I am looking for a good article that discusses the change in mindset when approaching error handling for async background jobs, for people who have only worked on sync web requests.
You mention both background jobs and web-requests in the subject. What sort of a problem you want figure out how to test idiomatically?
Web requests are tested in isolation from each other. If you do background jobs using, say, Oban - it provides with helpers and nice guides documented on testing Introduction to Testing — Oban v2.14.0.
Also keep in mind, each process by itself is “single threaded”. So in isolation it’s straight forward how to test them. When the unit that’s being tested involves other processes - then 2 things come to my mind:
Taskswhenever possible because it automatically provides with Ancestor and Caller Tracking. Some popular libraries make use of it to help with testing (e.g. Ecto and Mox)
- Pass messages between processes to synchronize them for tests. That might require some thoughts put to architecting GenServers upfront. @TylerAYoung gave a talk on that ElixirConf 2021 - Tyler Young - Architecting GenServers for Testability - YouTube
My concern currently is not about testing background jobs, although I enjoy that topic.

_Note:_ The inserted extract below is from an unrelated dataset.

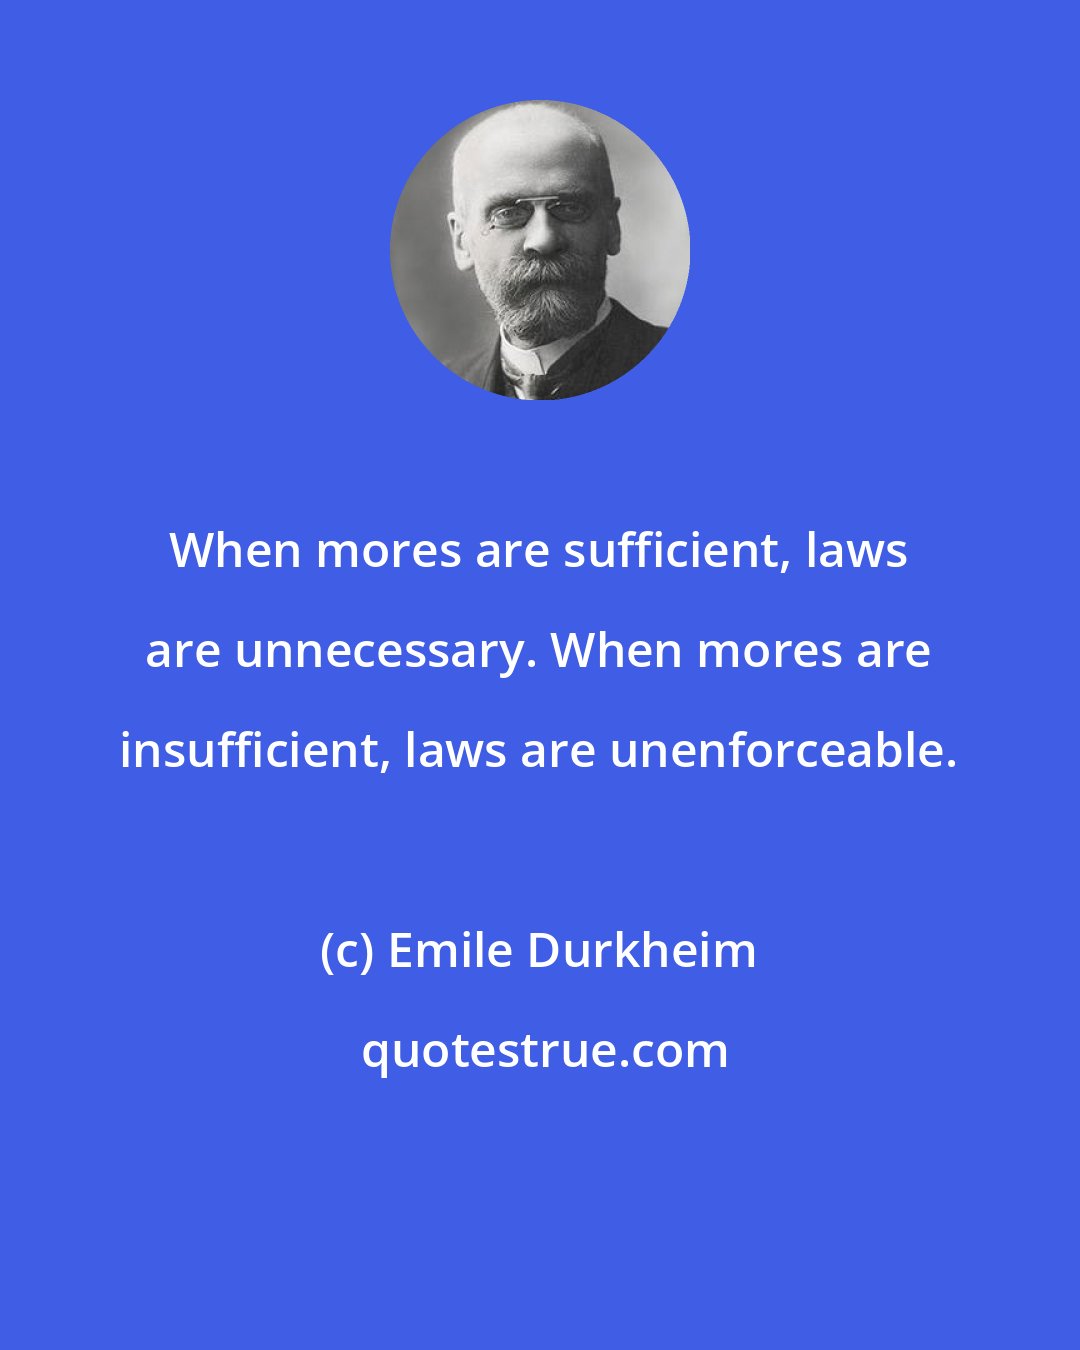 Emile Durkheim: When mores are sufficient, laws are unnecessary. When mores are insufficient, laws are unenforceable.

I am finding that when I see developers implement their first background job after working on web requests exclusively for two years, that the developers don’t seem to focus on the retry behavior or consider how the job will behave when it encounters failures. I am trying to find articles to highlight the failures to keep in mind and expect, as the developers implement their first background job. In a web request setting, ignoring failures and just assuming the backend will forward an error to front end and the user will retry when they observe the error has been sufficient for their work, but I don’t think the same approach to background jobs will work out okay.